One problem: Trump used the very word in a tweet on Monday.
"He is using the word that the media is using," explained an uneasy Spicer.
- None shall pass -
Trump kicked off the day with a combative tweet aimed at Democrats he accuses of obstructing the approval of Jeff Sessions, his nominee for attorney general, and other members of his cabinet.
"They should be ashamed of themselves!
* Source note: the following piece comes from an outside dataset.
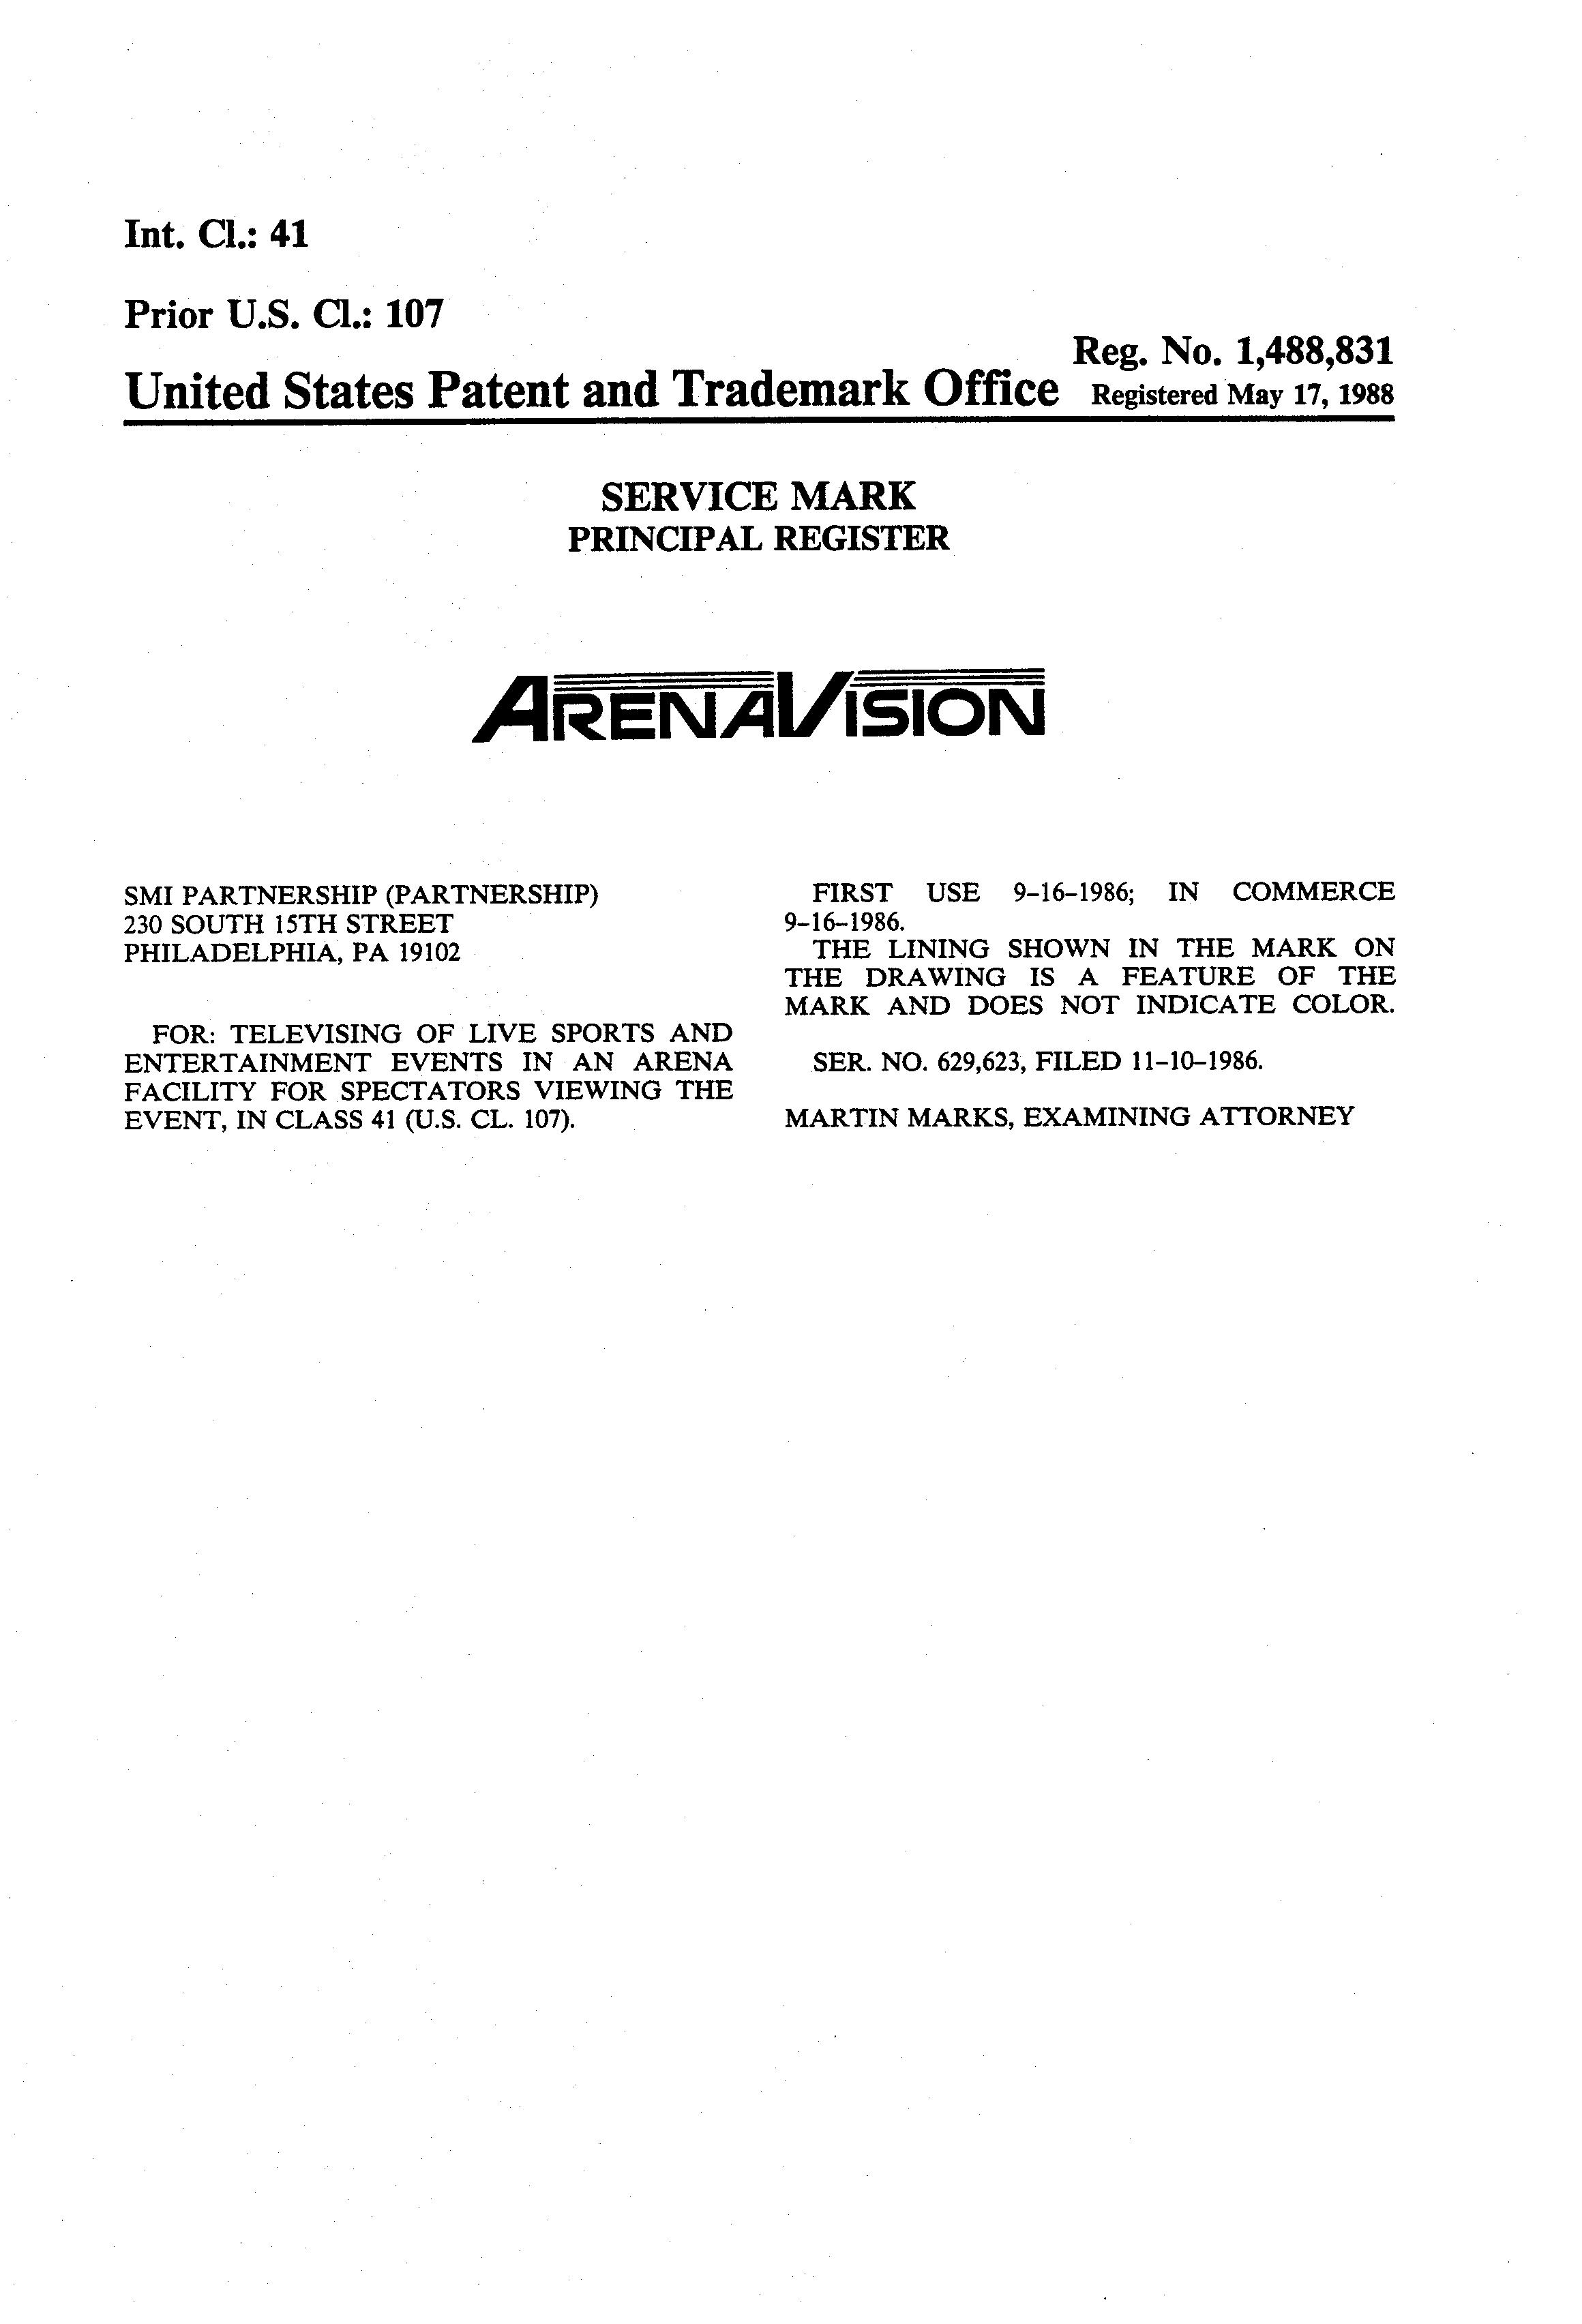 ARENAVISION Details, a Report by Trademark Bank | Calendar
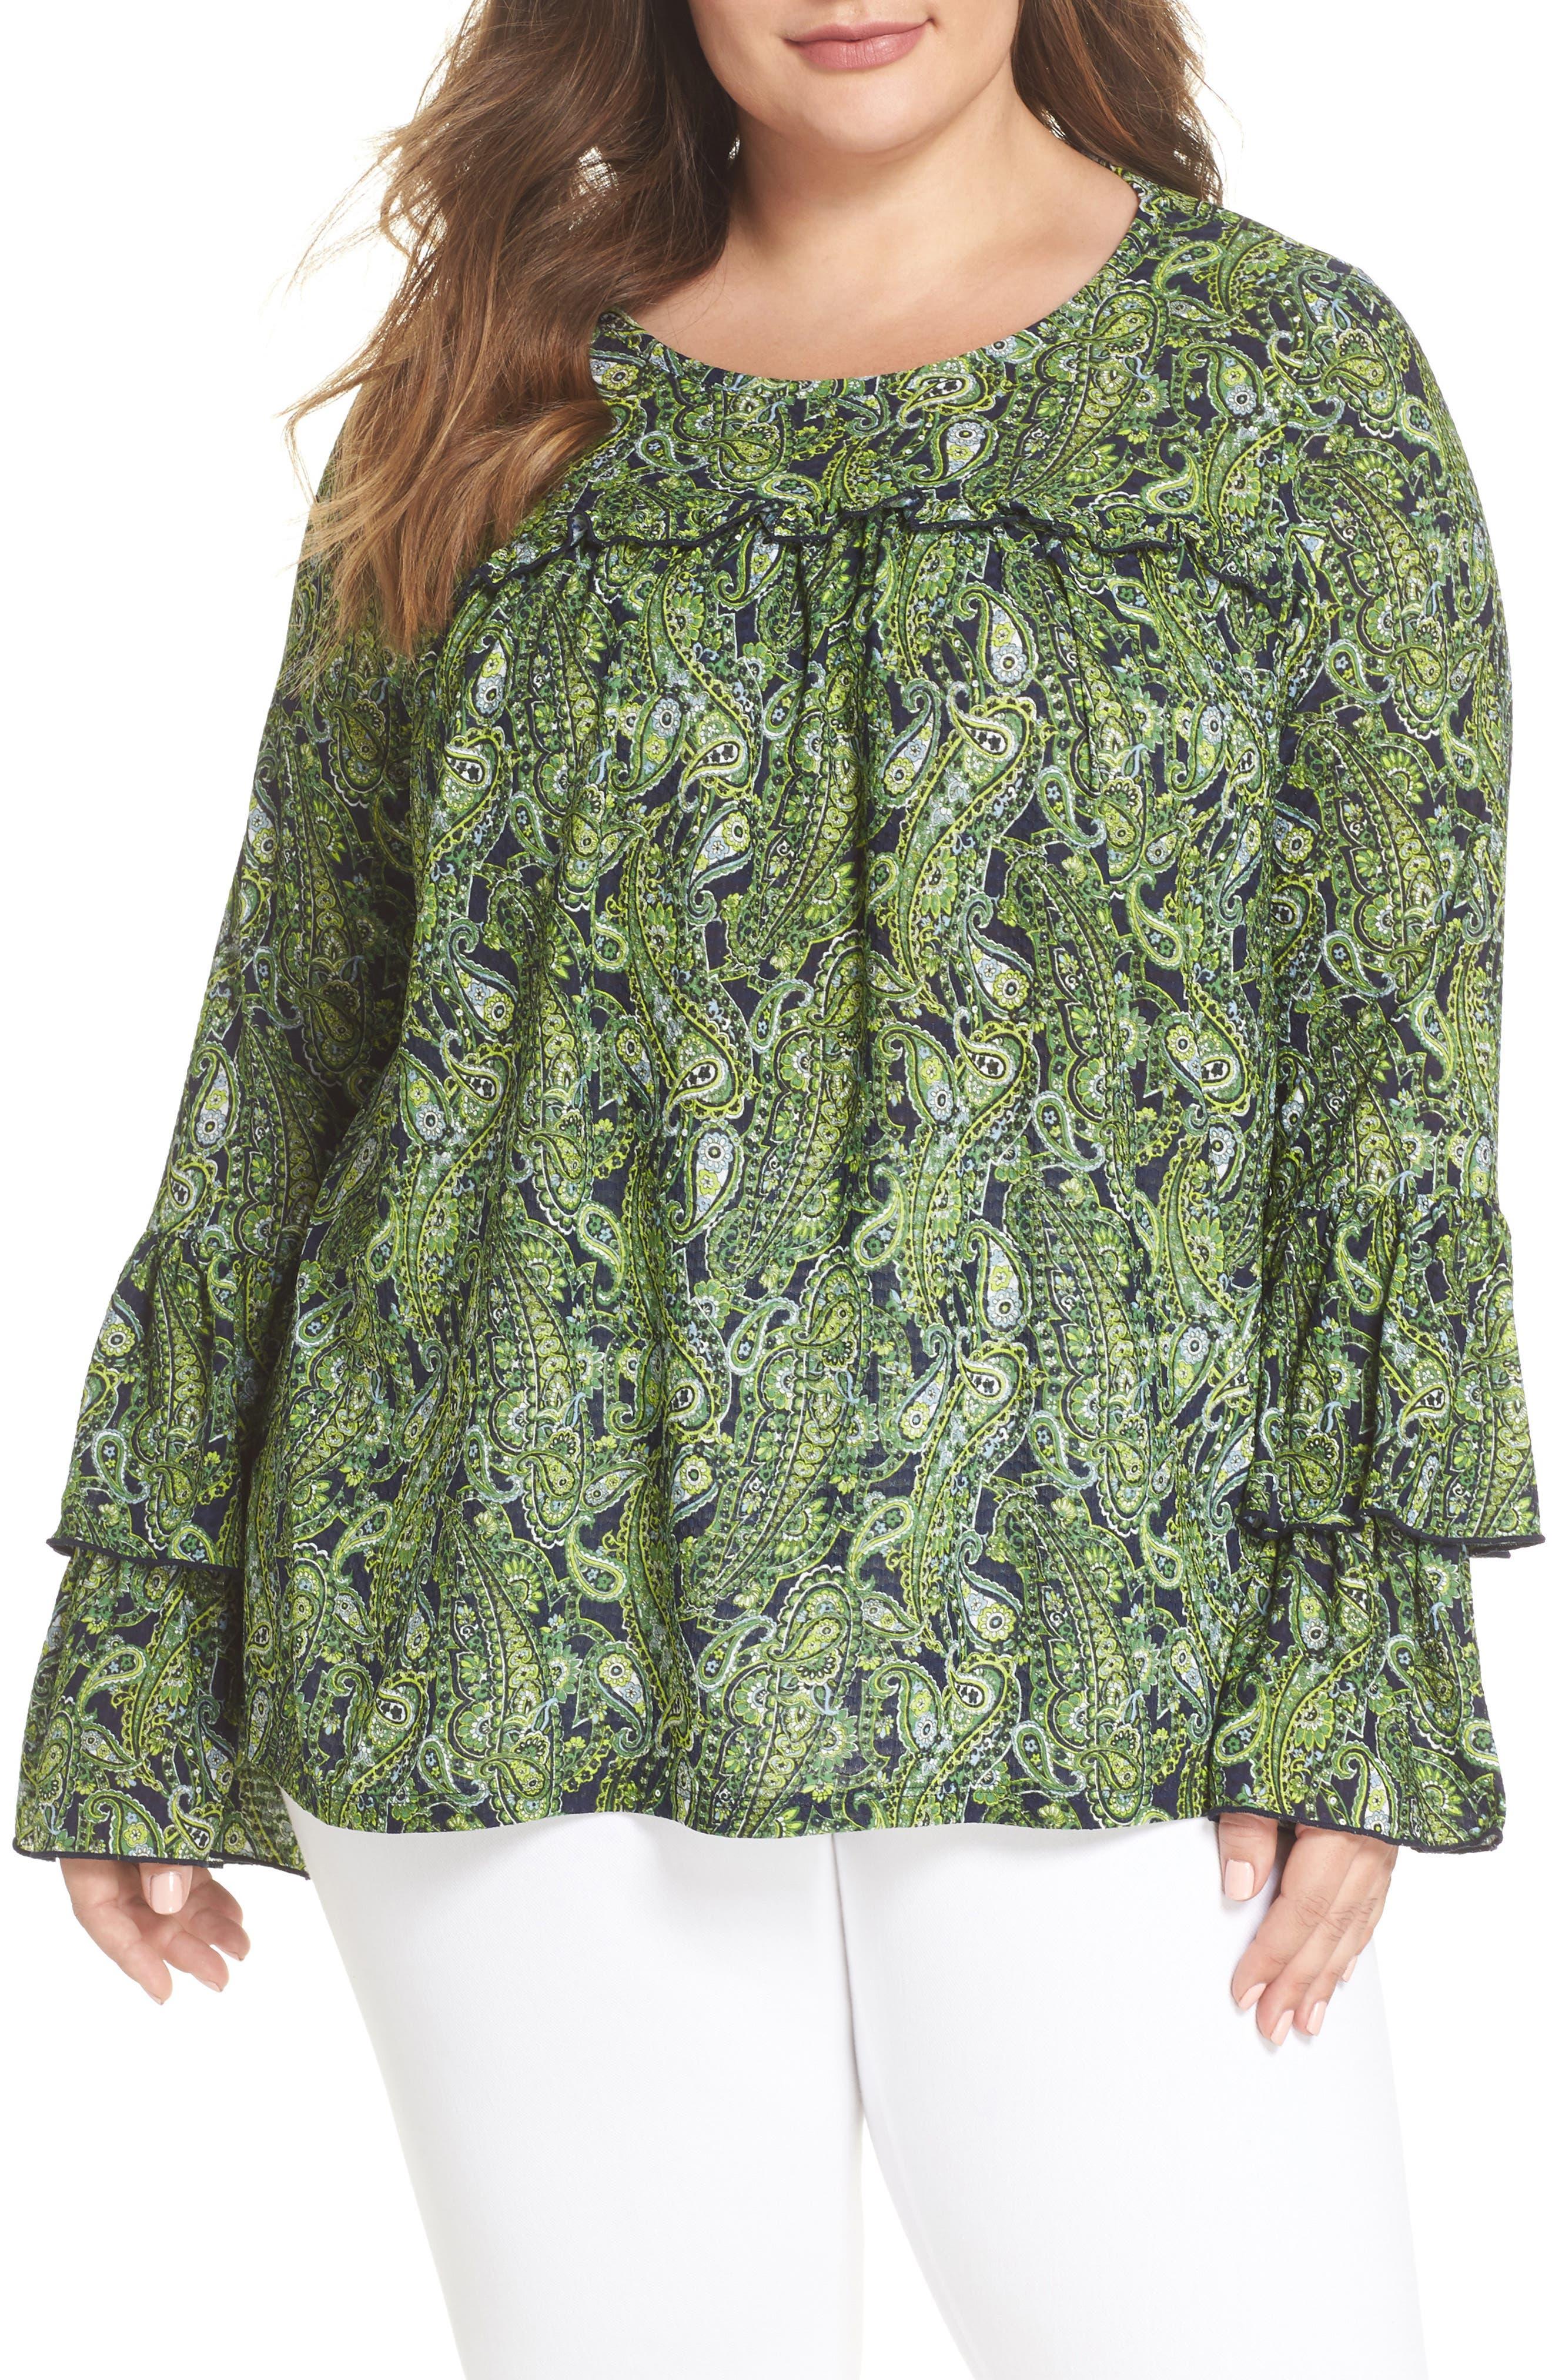 Pais Tier Sleeve Blouse,                         Main,                         color, True Navy/ Green Apple Mu

No wonder D.C. doesn't work!" Trump wrote.
Senate Democrats gave him little reason to relent as the day went on, blocking committee votes on two key nominations: Treasury secretary nominee Steven Mnuchin and health secretary-designate Tom Price.
The White House rebuke was swift, with Spicer calling the boycott "truly outrageous."
Democrats have dug in over the nominations, alarmed by what they see as extreme picks for a raft of key posts and angered by Trump's aggressive first week in office.
Despite the partisan tensions, one cabinet member managed to win confirmation: Elaine Chao, the next transportation secretary -- and the wife of Senate Majority Leader Mitch McConnell.
- Target: Germany -
Another day, another brash foray into foreign policy.
Top Trump economic advisor Peter Navarro bashed Germany for exploiting an undervalued euro to take advantage of its European neighbors, in a rare public rebuke of a major US trading partner.
Navarro's comments, made in a Financial Times interview, were the latest example of the new US administration's abrasive tactics, with Trump himself using public attacks and Twitter to criticize businesses and allies.
Navarro, who heads the White House's new National Trade Council, told the FT that Germany "continues to exploit other countries in the EU as well as the US with an 'implicit Deutsche mark' that is grossly undervalued."
A hardliner on trade and especially China's rise, Navarro also said the planned trade deal between the United States and European Union -- the Trans-Atlantic Trade and Investment Partnership -- was dead.
He repeated Trump's statements that the administration will pursue bilateral agreements that favor the United States.